§ Work required
From the line that contains "Modificabile illustrazione vettoriale" through the last line of the data, copy everything exactly and nothing else, omitting the pictures.

§ Data extract

◆ ◆ ◆ ◆ ◆

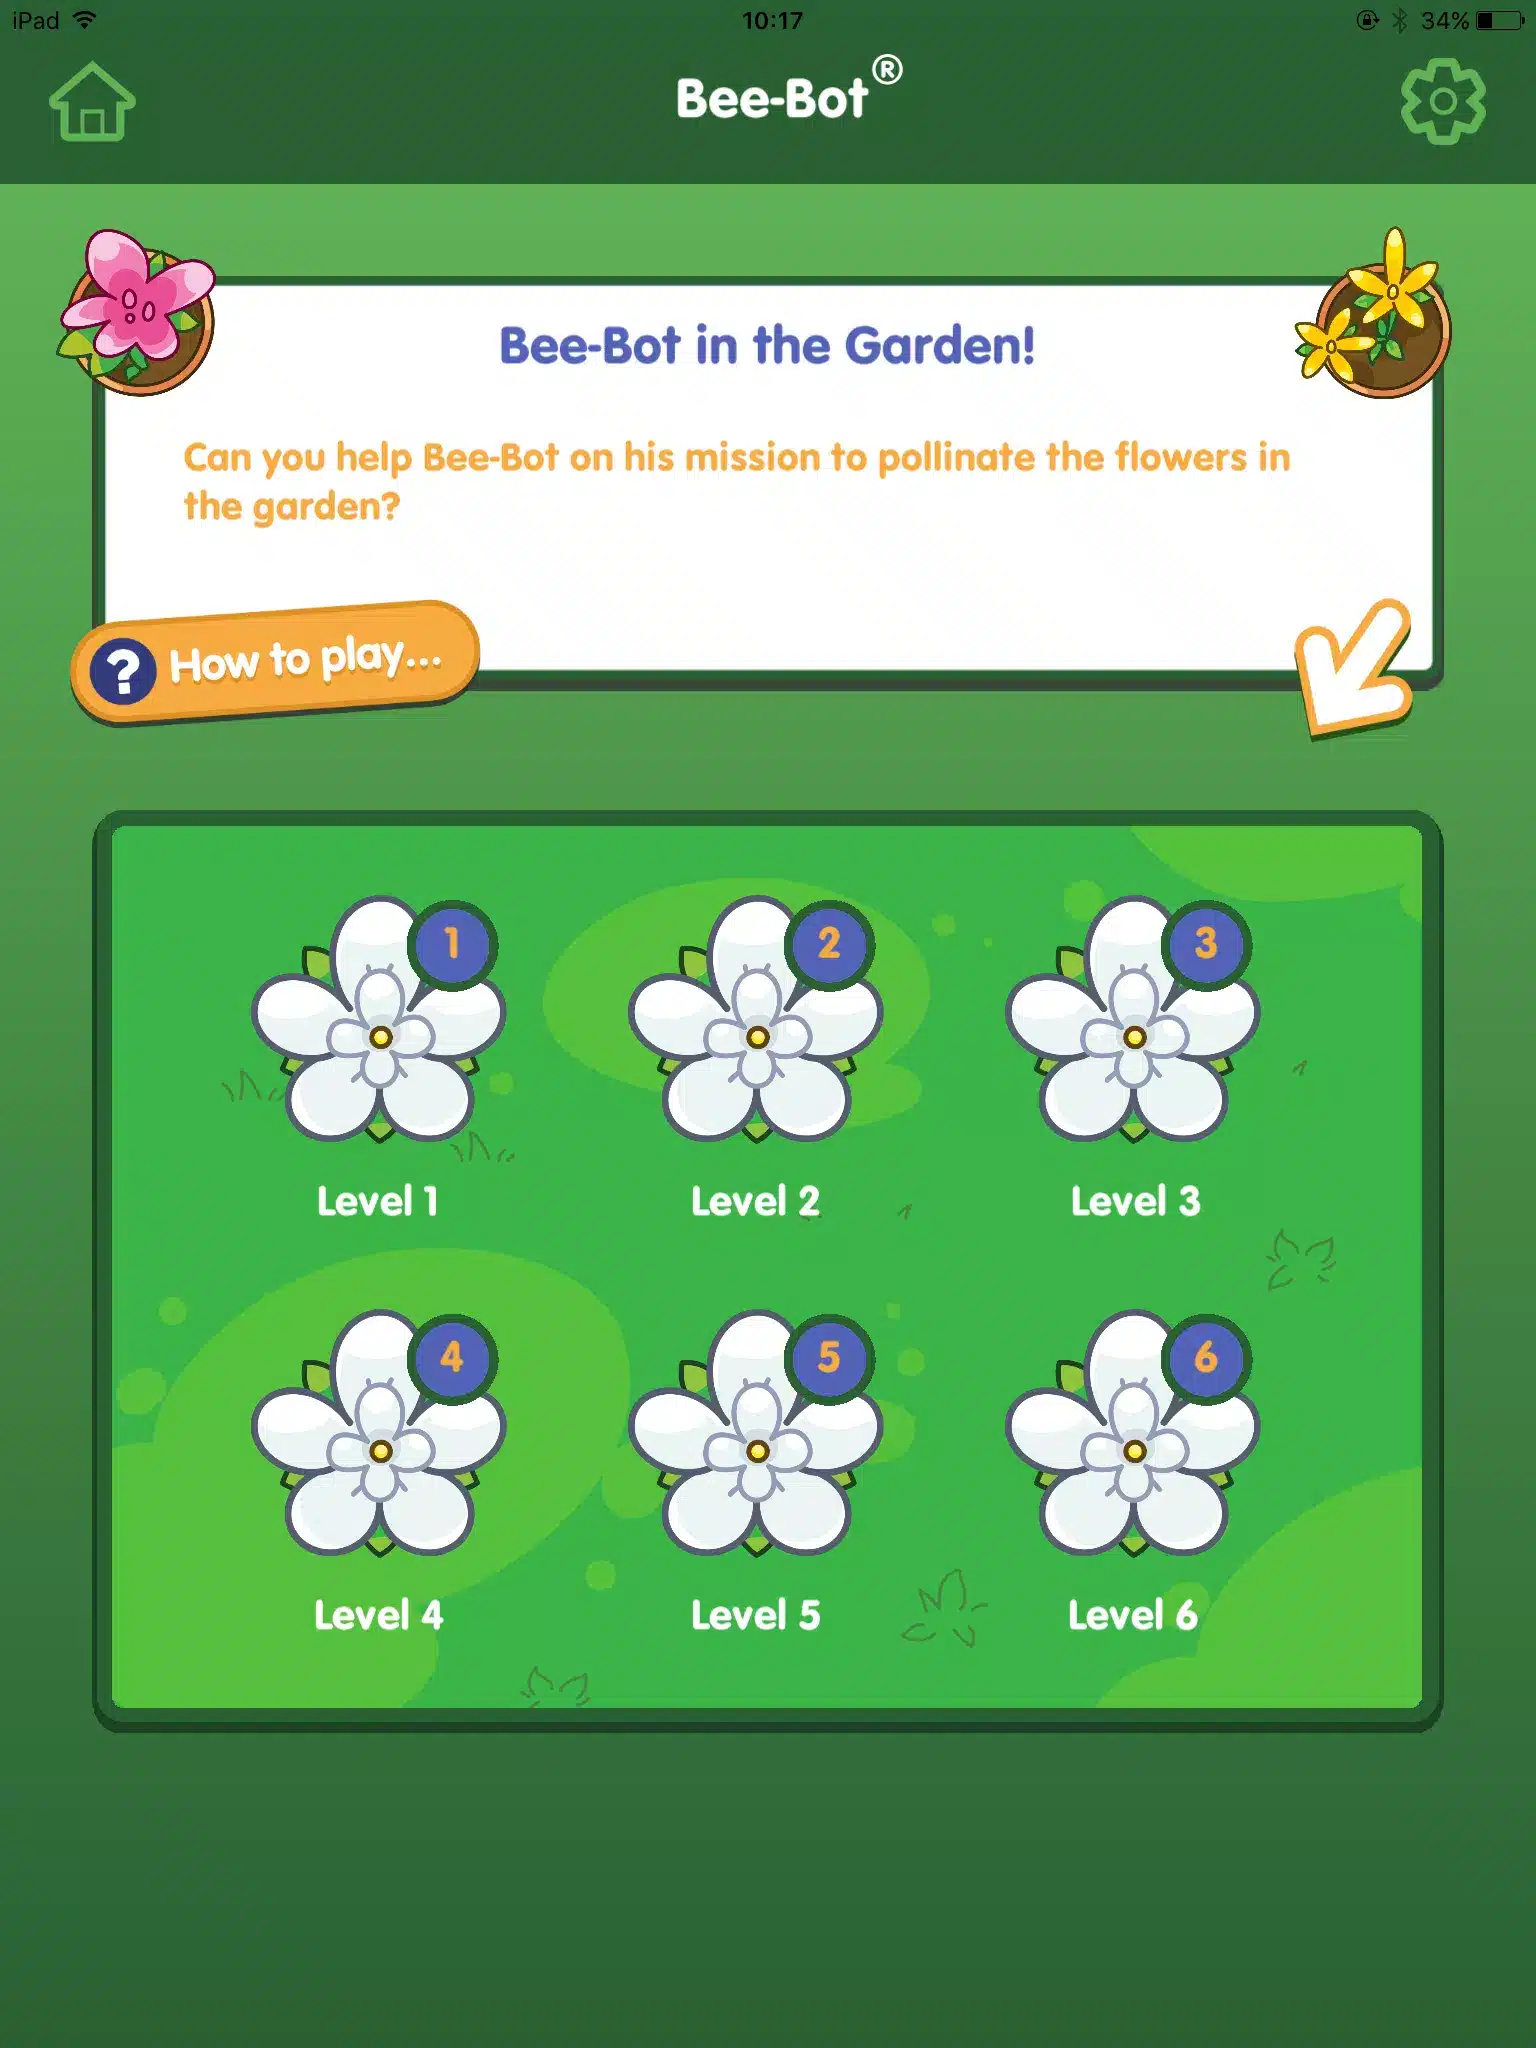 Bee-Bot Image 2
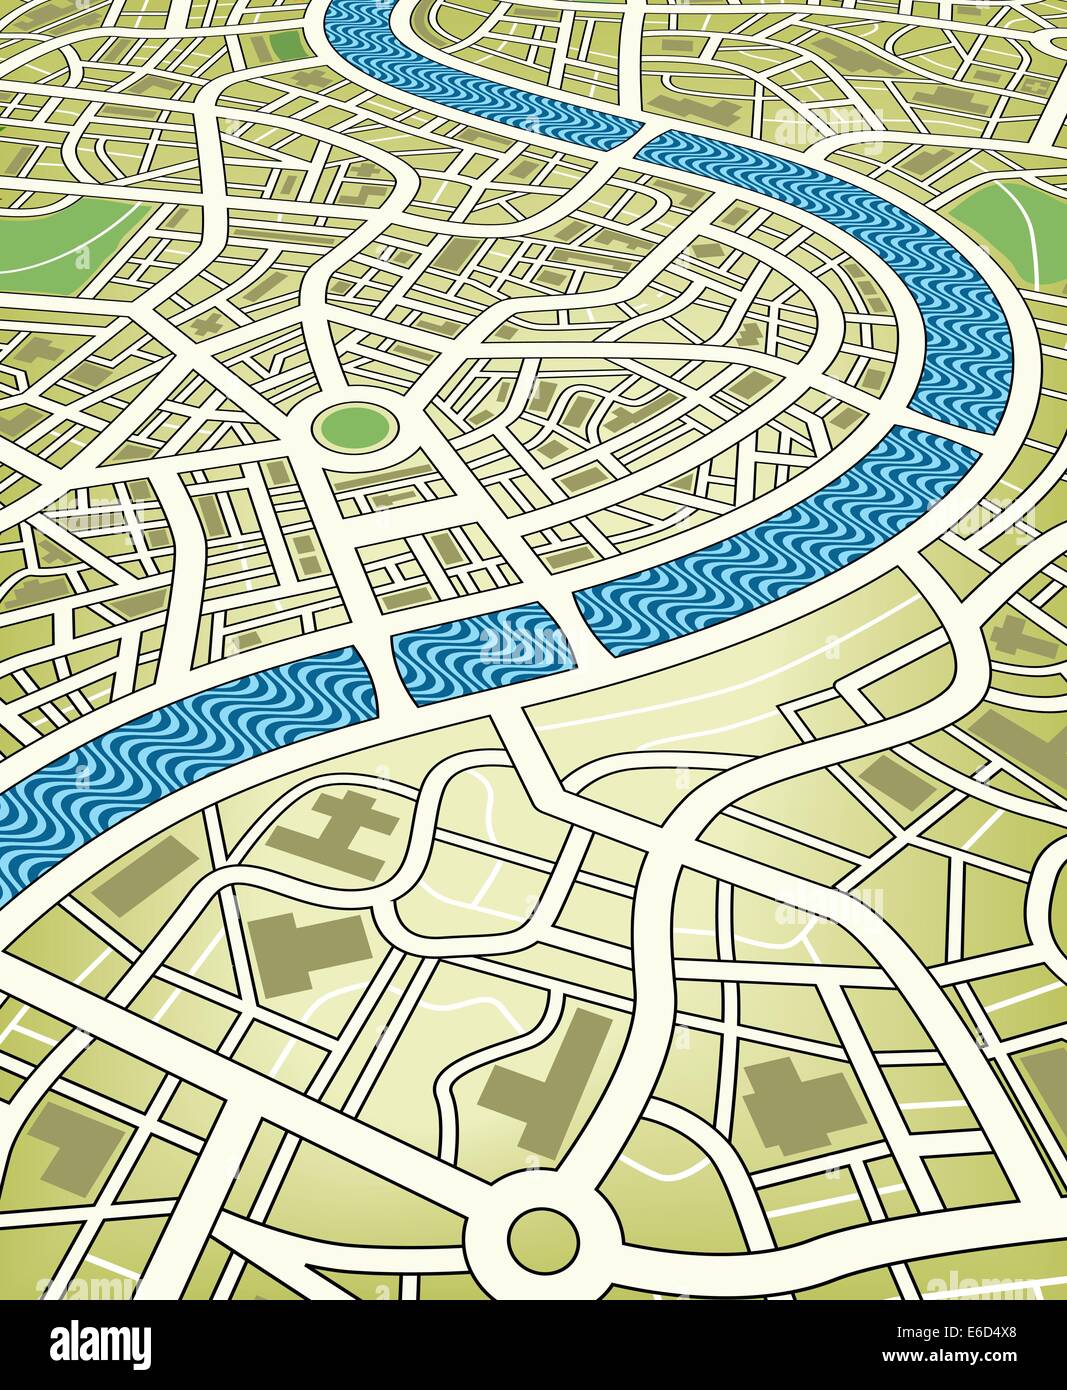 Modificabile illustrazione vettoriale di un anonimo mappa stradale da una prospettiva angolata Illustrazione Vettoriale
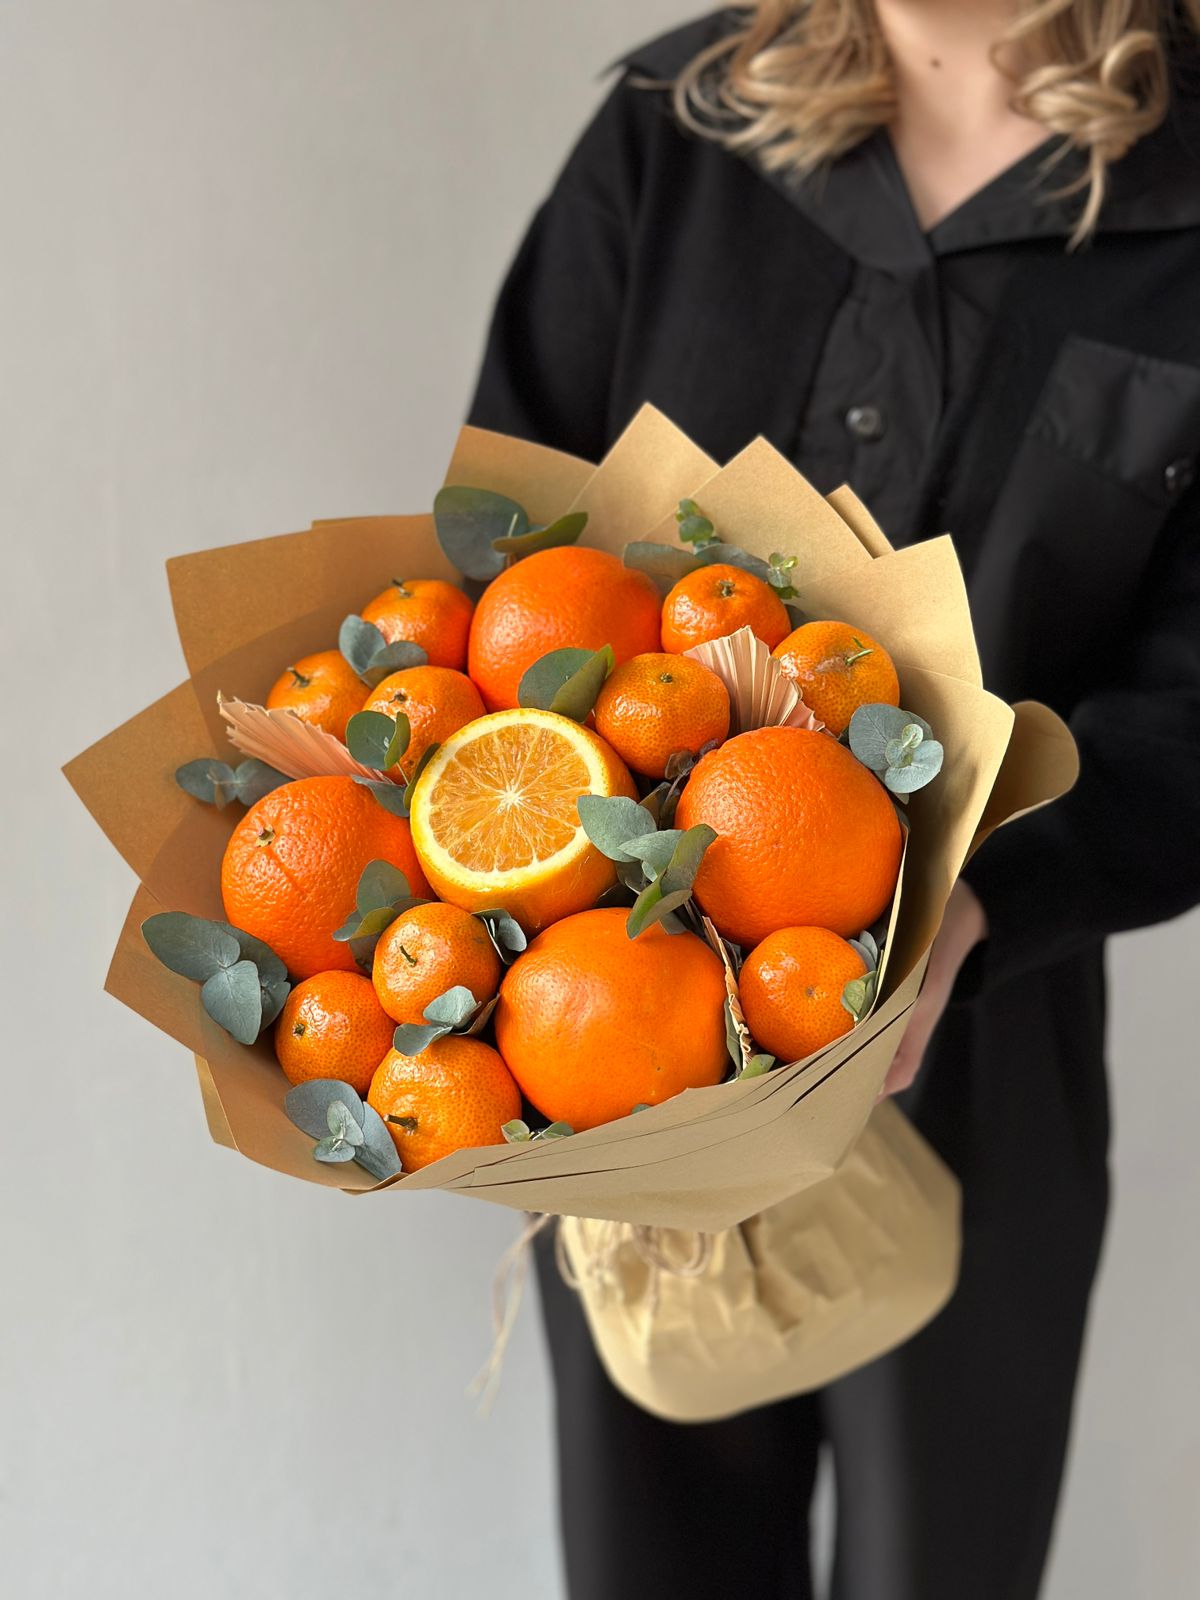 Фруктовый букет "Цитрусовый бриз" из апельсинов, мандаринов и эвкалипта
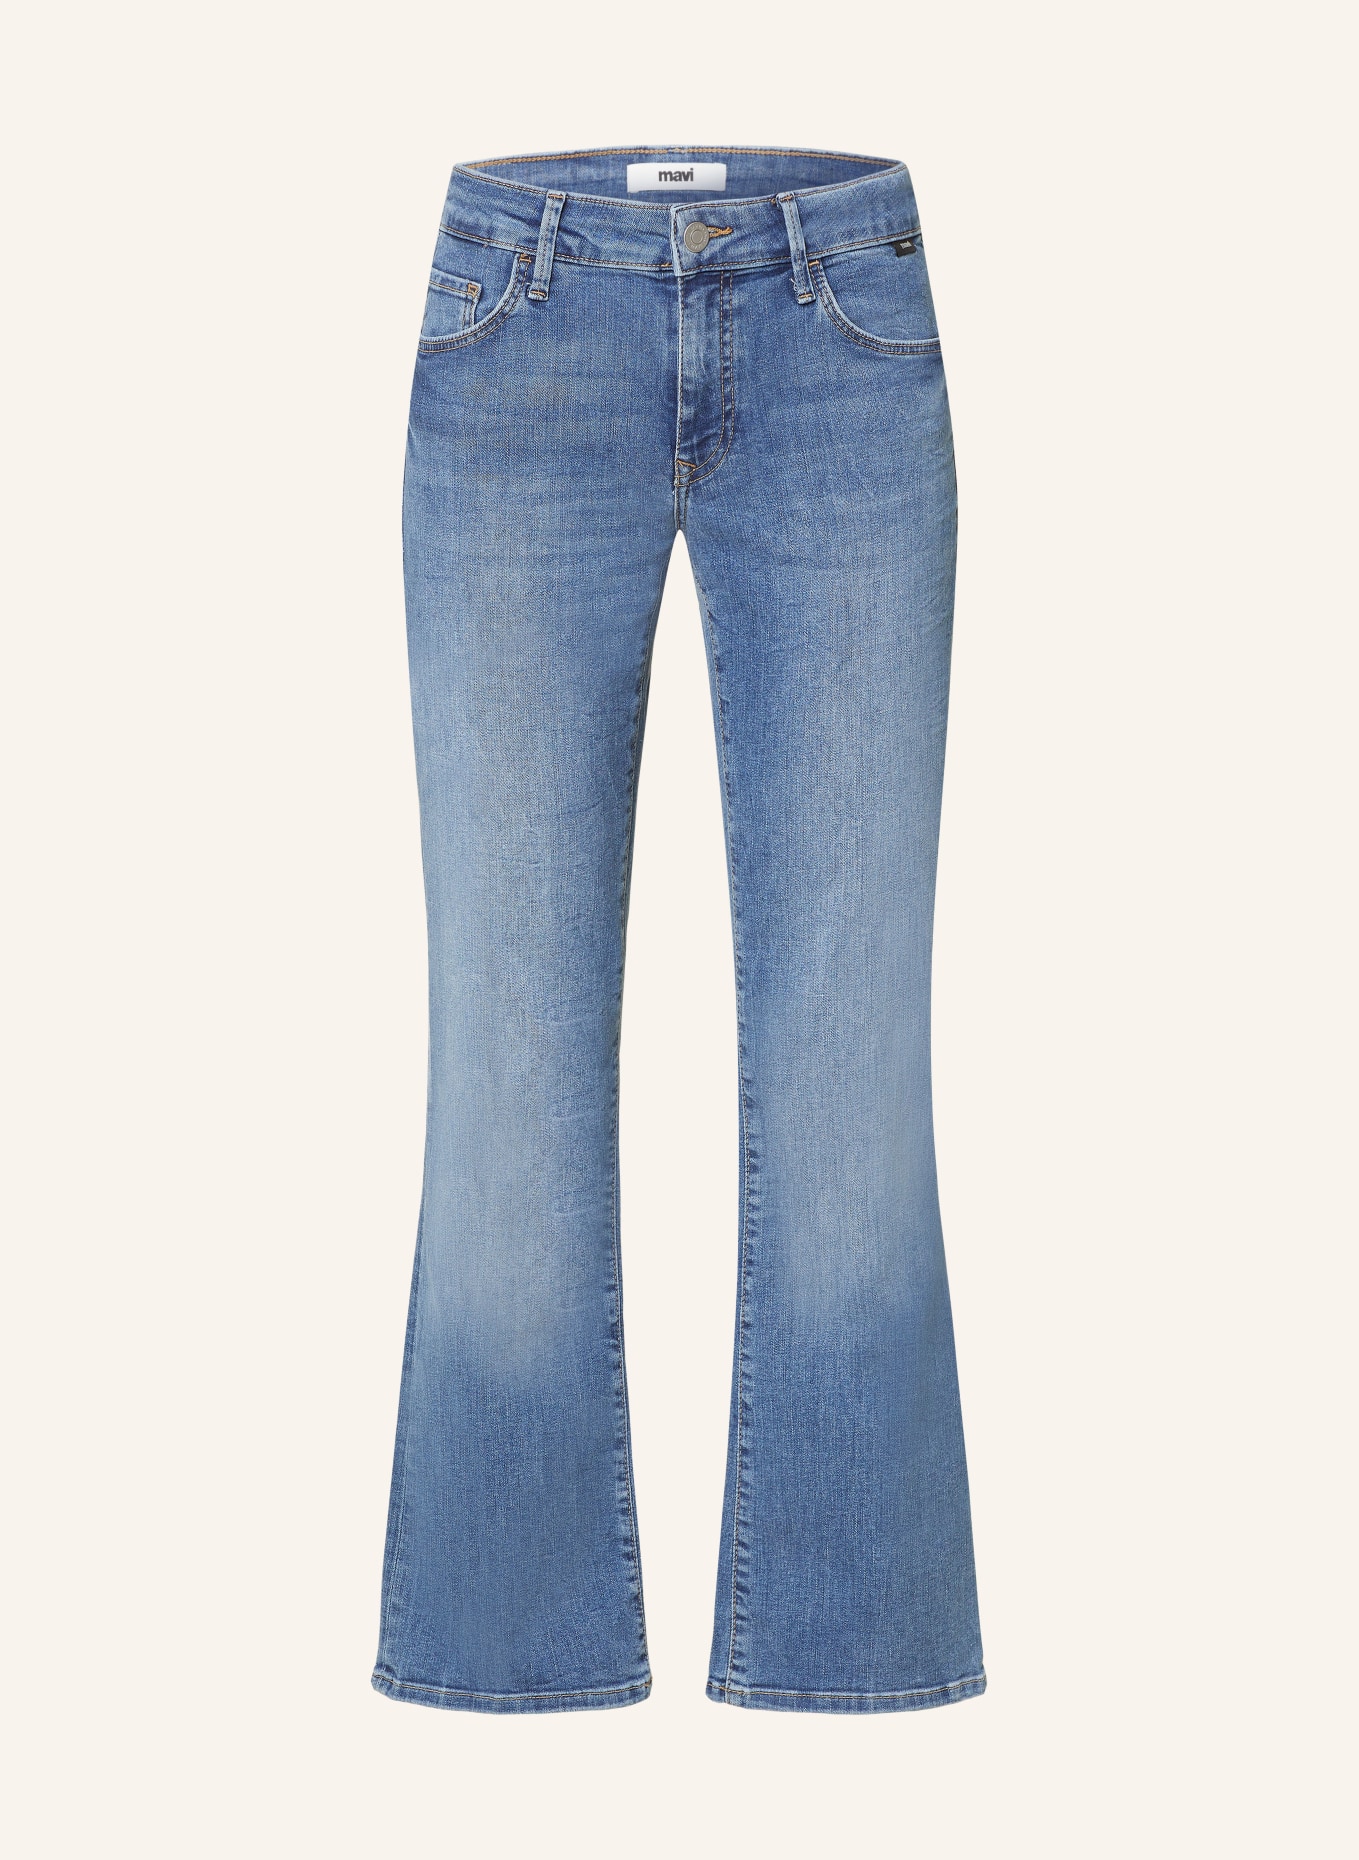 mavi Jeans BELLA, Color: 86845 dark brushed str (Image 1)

◆ ◆ ◆ ◆ ◆

§ Answer area
 Modificabile illustrazione vettoriale di un anonimo mappa stradale da una prospettiva angolata Illustrazione Vettoriale
 Фруктовый букет "Цитрусовый бриз" из апельсинов, мандаринов и эвкалипта
 mavi Jeans BELLA, Color: 86845 dark brushed str (Image 1)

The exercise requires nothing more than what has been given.